Throughout the whole of this district one finds lime-spatulas,[9] wooden clubs, canoe carvings, and other objects ornamented with scrolls. Nowhere else in British New Guinea do we find the continuous loop coil pattern, the guilloche, or loop coils. The spiral is absent from the Torres Straits and Daudai, but present up the Fly River and in the Papuan Gulf. It is absent again in the Central District, but reappears in the Massim Archipelagoes. It is only in the last district that we meet with a wealth of curved lines. What is the meaning of this?
[9] Southward of the Papuan Gulf, and in all the islands of the south-eastern extremity of New Guinea, the natives chew the betel-nut, and when chewing transfer quick-lime from gourds (“lime-gourds”) to their mouths by means of flat carved sticks (“lime-spatulas”). These vary greatly in form and in the character of their carving. The intaglio is filled in with lime, so that the design appears white on the polished ebony handles. These objects are often called “chunam spoons,” but they are never spoon-shaped, and there is no need to introduce an Anglo-Tamil word for lime.
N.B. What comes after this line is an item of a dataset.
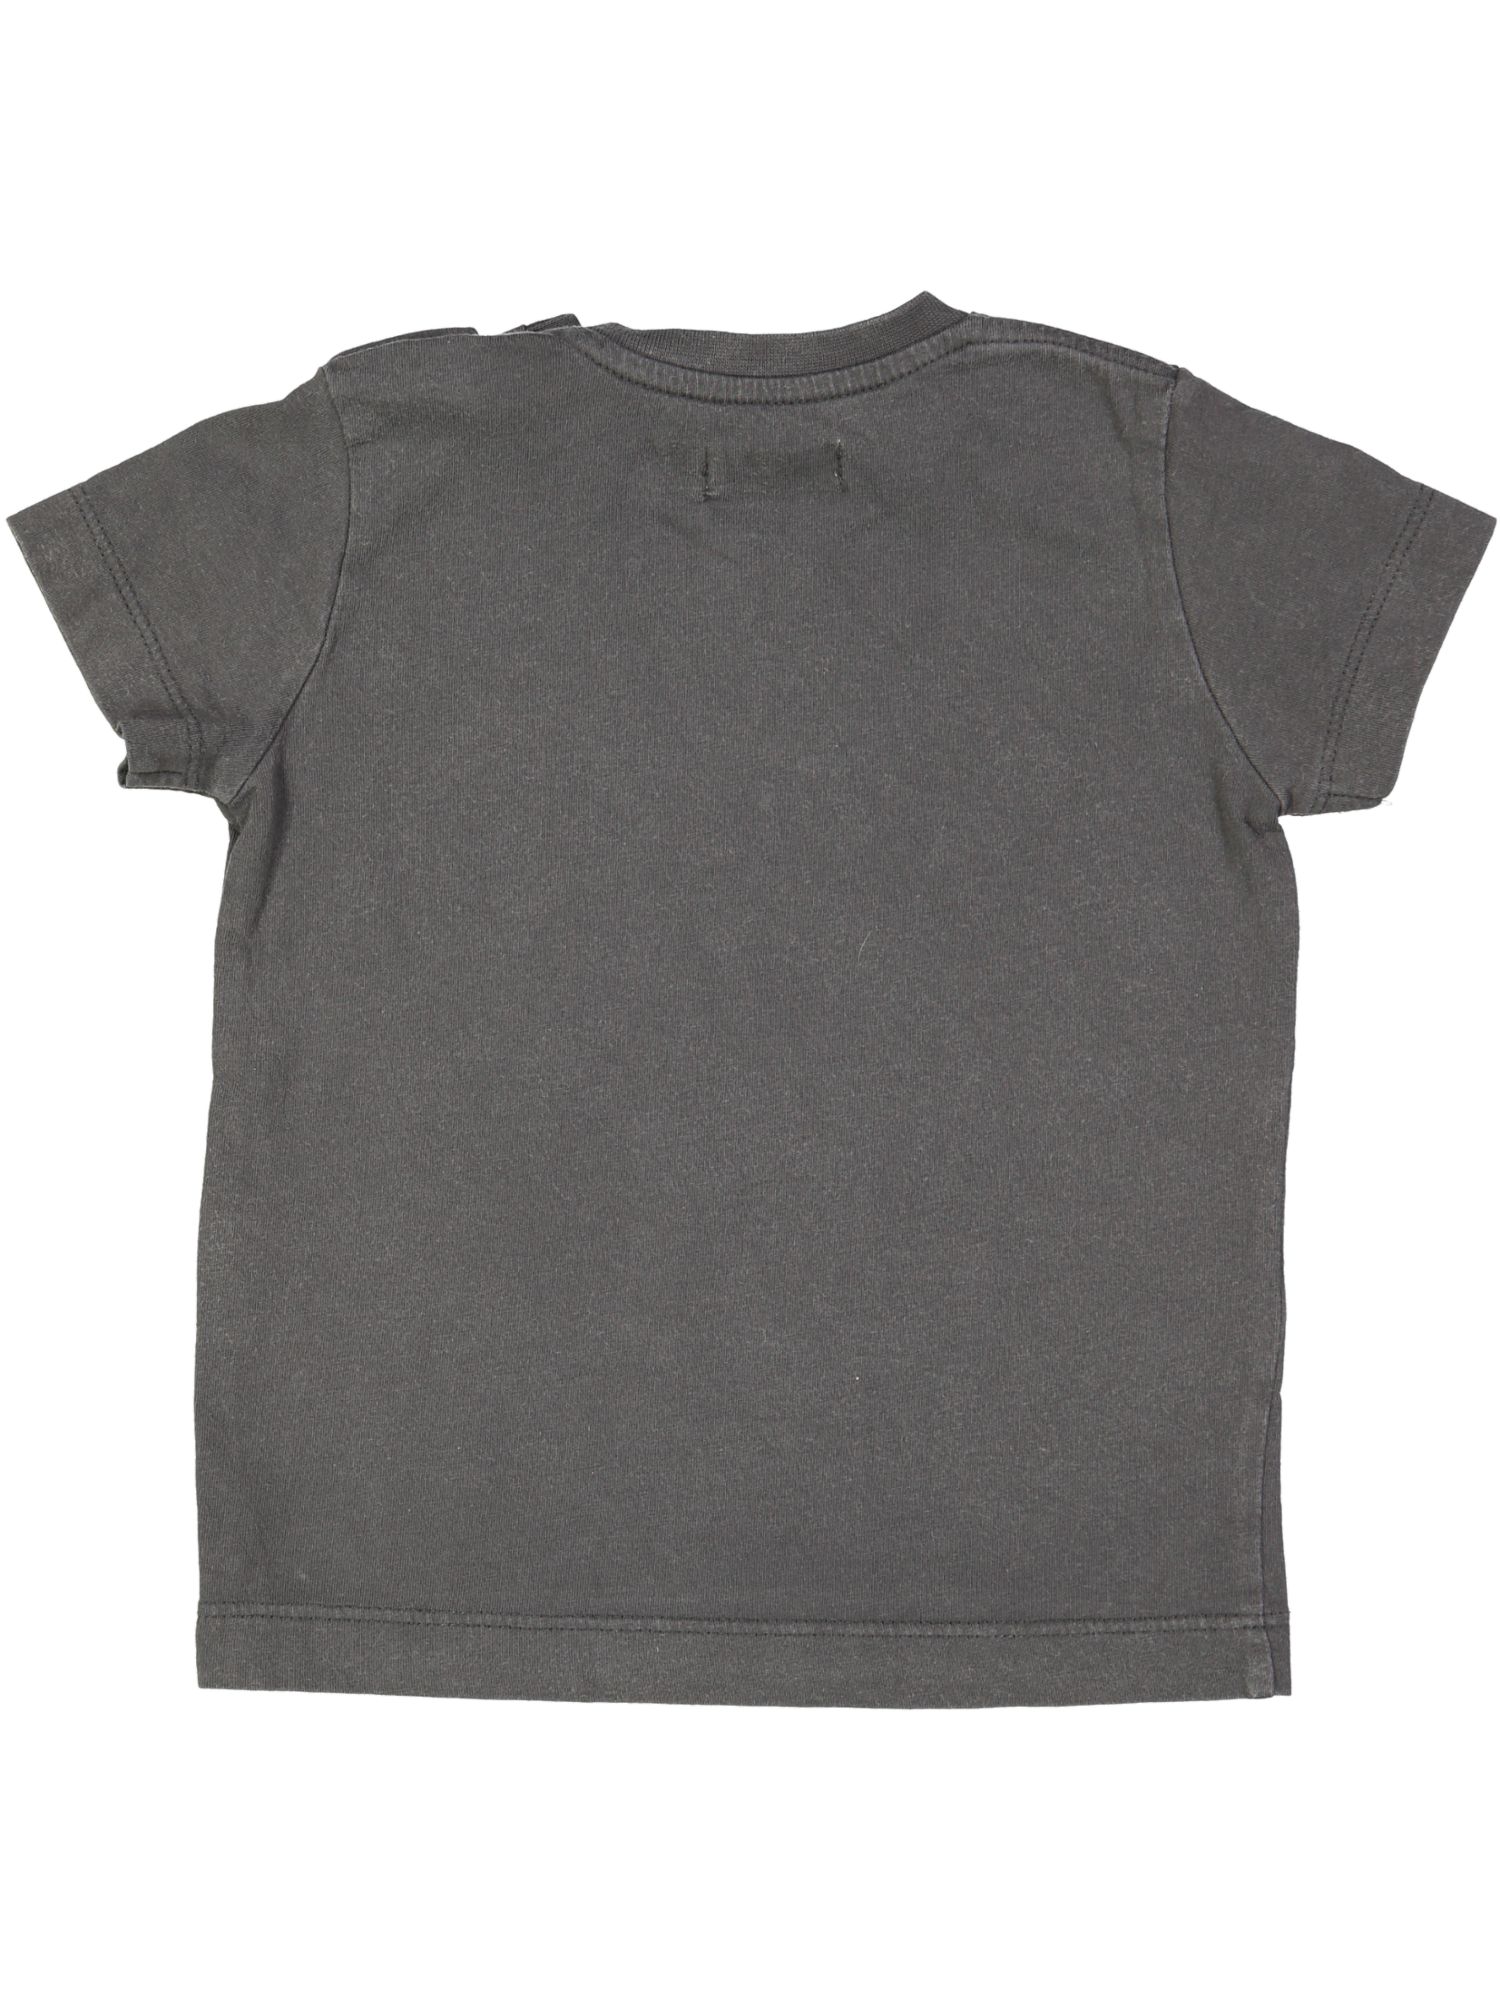 t-shirt grijs boy 12m

All over this district we find decorative art permeated with the influence of the frigate bird. This beautiful bird is the sacred bird of the West Pacific. I shall allude to it again in a later section. The bird, or its head only, is often carved more or less in the round, especially for the decoration of canoes. It must, however, be remembered that such representations are conventional and not strictly realistic.
The same head is repeated on the handle of a spatula (Fig. 24), the curved tip of the beak of one bird forming the head of the bird immediately in front of it. From this simple origin the varied and beautiful scroll patterns have been developed. One important factor in the evolution of this pattern has been the confining of the design within narrow bands. When a band happens to be exceptionally broad, one often finds that the pattern becomes erratic. Queer contorted designs also result from the attempt to cover a relatively broad area, as in Fig. 25. Here there is nothing to guide or restrain the artist, except the boundary of the float; but on canoe carvings and some other objects there are usually structural or vestigial features, round which the design may be said to crystallise, and in these cases the pattern is approximately or entirely symmetrical.
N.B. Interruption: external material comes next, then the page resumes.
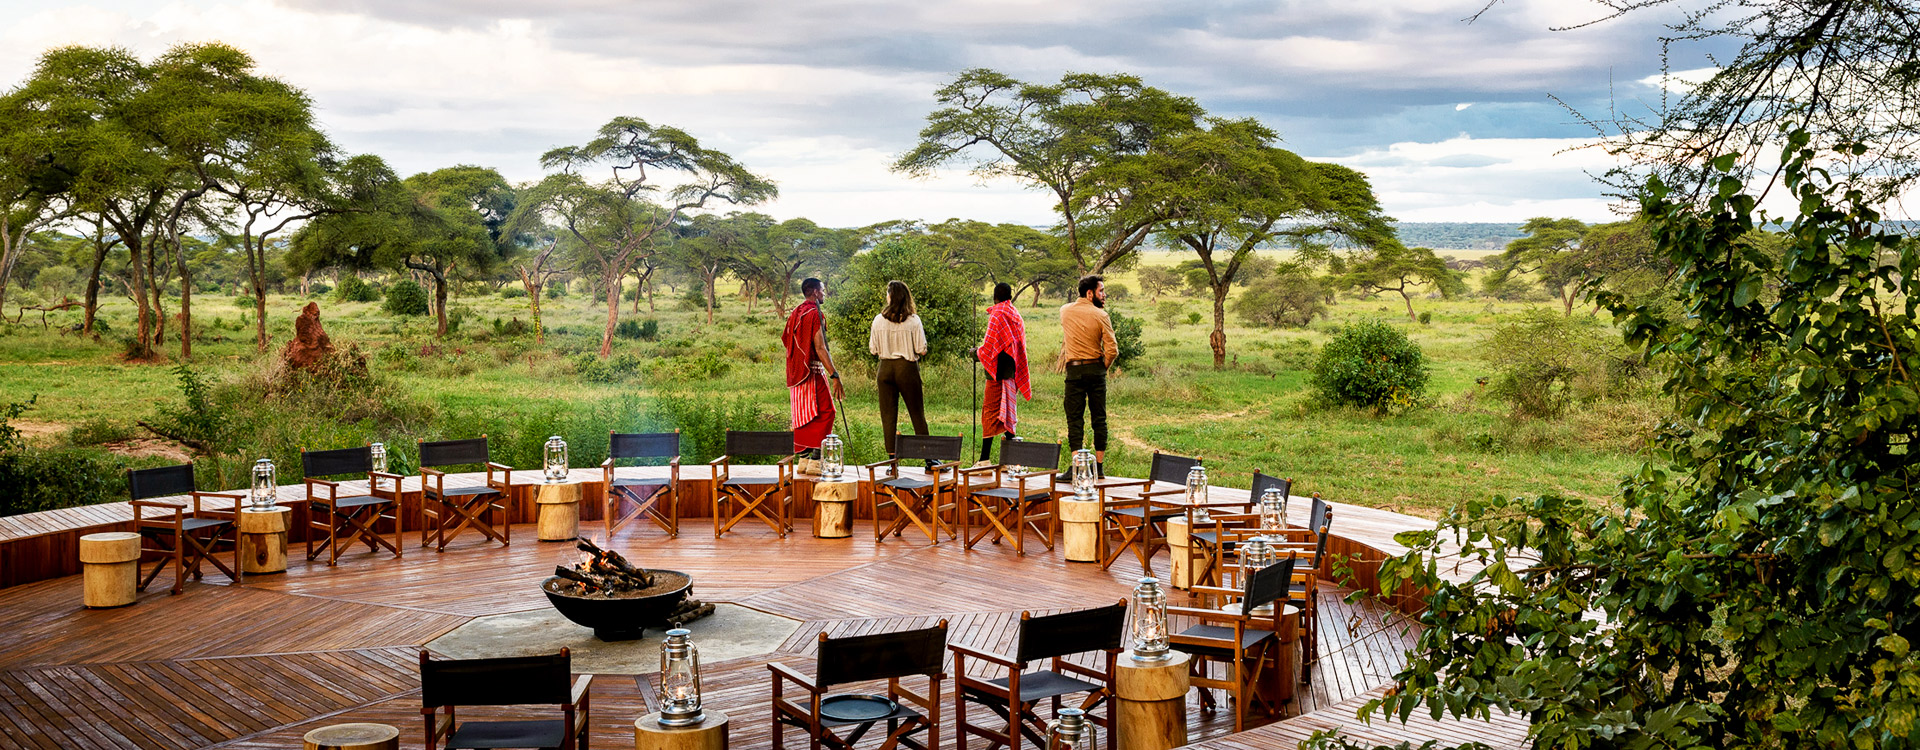 5 Days Tanzania Luxury Safari

The triangular spaces left above and below the beaks in the bird-scroll pattern are usually more or less filled up with crescentic lines, as in Fig. 26. Sometimes they are blank, and in this case the triangles may be coloured red instead of the white lime which is rubbed into the carving. The eyes of the birds are, as often as not, omitted altogether. (Figs. 27-30.) Their presence seems to have a conservative effect on the design, for where absent the elements of the design may slip upon or run into one another.
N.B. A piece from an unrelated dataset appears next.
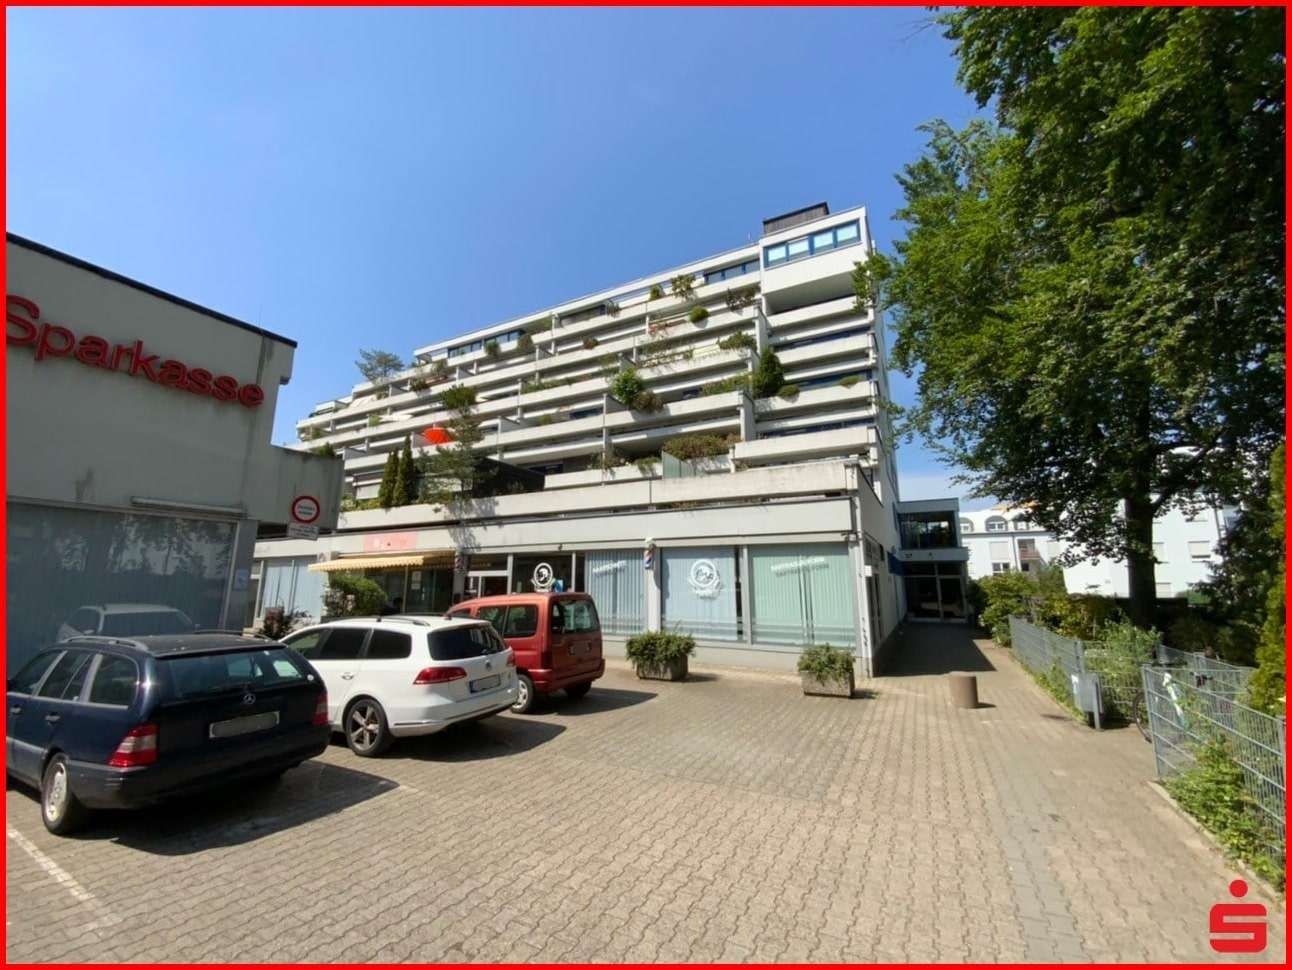 null - Etagenwohnung in 64297 Darmstadt mit 73m² günstig kaufen

In Fig. 27 we have a good example of what I mean by the slipping of the elements of the design, with the result that a guilloche is arrived at. It will be noticed in this figure that the ends of the curved lines are mostly joined by an oblique bar. These oblique bars have become emphasised in Fig. 28, and a degeneration of the curved lines results in a simple pattern.
An example of the elements of the design running into one another is shown in Fig. 29, which, like the last two figures, is a reduced rubbing of part of the decoration of a sword-shaped wooden club. The band, shown in Fig. 30, is on the handle of the same club; the central pattern is clearly a simplification of that on the blade of the club, and it passes naturally into the zigzag carved below it.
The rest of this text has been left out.